📚 Book Recommendation Engine using K-Nearest Neighbors
A machine learning-based book recommendation system that uses collaborative filtering and K-Nearest Neighbors (KNN) algorithm to suggest similar books based on user ratings.
Quick Overview
Problem: Recommend relevant books using large-scale, sparse user rating data, where traditional rule-based methods fail to capture user preference patterns.
Solution: Built a collaborative filtering recommendation engine using K-Nearest Neighbors with cosine distance, leveraging a user–book rating matrix and sparse representations to identify similar books based on shared rating behavior.

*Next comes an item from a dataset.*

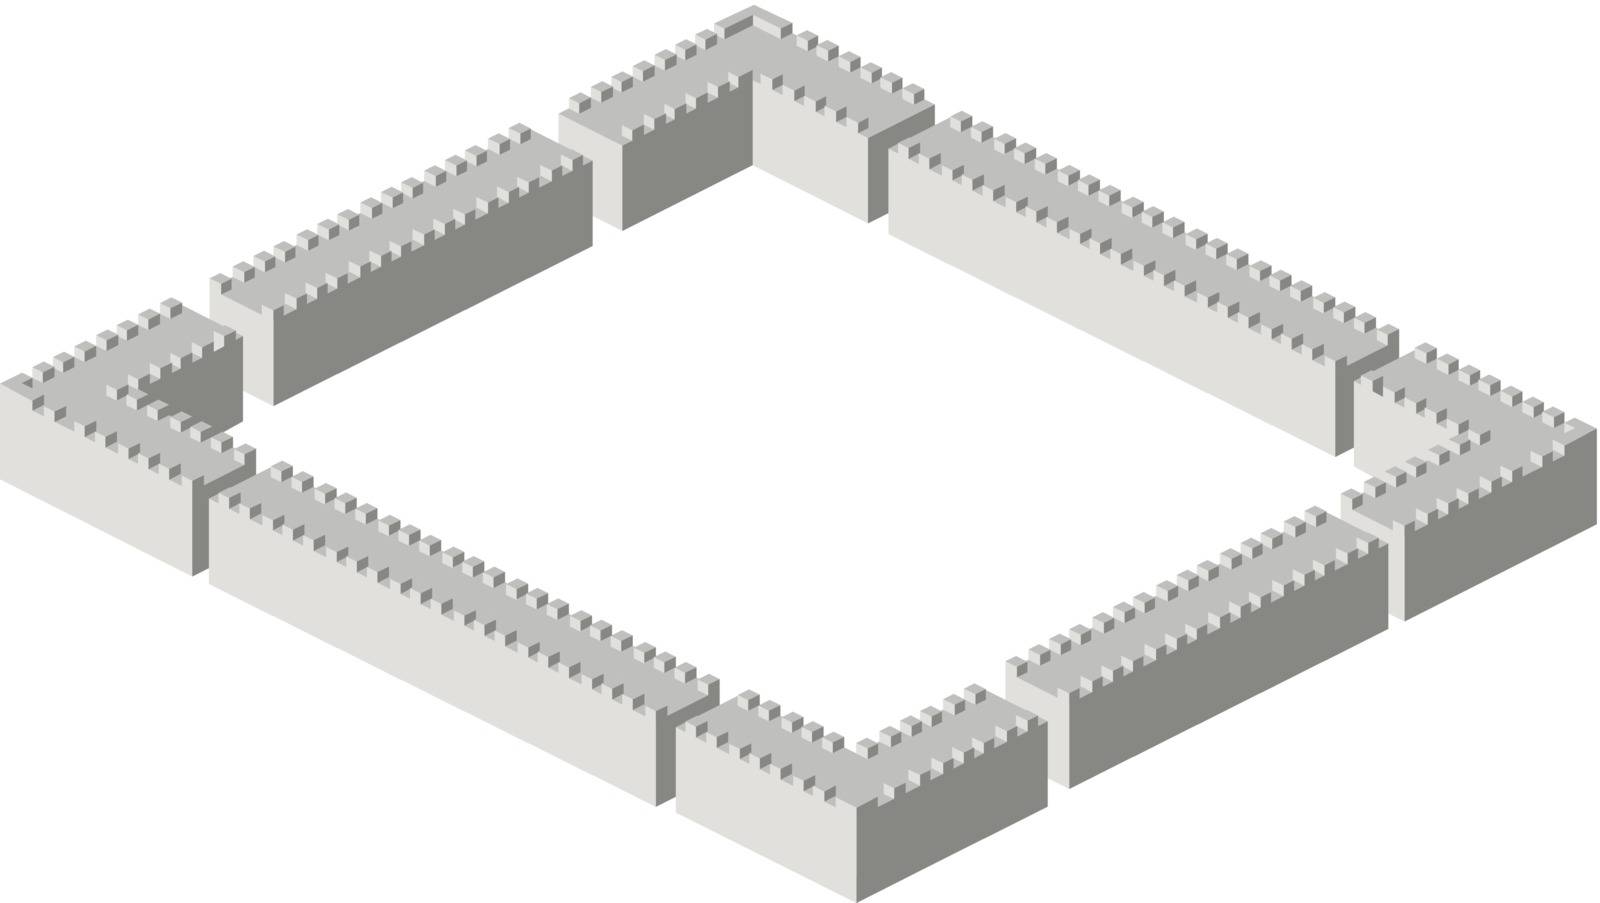 Isometric walls by Lirch

Impact: Successfully generated meaningful book recommendations with similarity scores using 1.1 million ratings, demonstrating applied knowledge of recommender systems, distance-based learning, and data preprocessing for real-world scale datasets.
Source: The dataset is automatically downloaded in the notebook from FreeCodeCamp.
🚀 How It Works
1. Data Preprocessing
Load book and rating data from CSV files
Filter out sparse data:
Remove users with fewer than 200 ratings
Remove books with fewer than 100 ratings
This ensures statistical significance in recommendations
2. Create User-Book Matrix
User1 User2 User3 User4 ... Book A 5 0 4 5 ... Book B 0 3 0 4 ... Book C 4 5 3 0 ...
3. Train KNN Model
Uses cosine distance metric to measure similarity
Finds the 5 nearest neighbors (most similar books)
Algorithm: Brute force (most accurate for high-dimensional data)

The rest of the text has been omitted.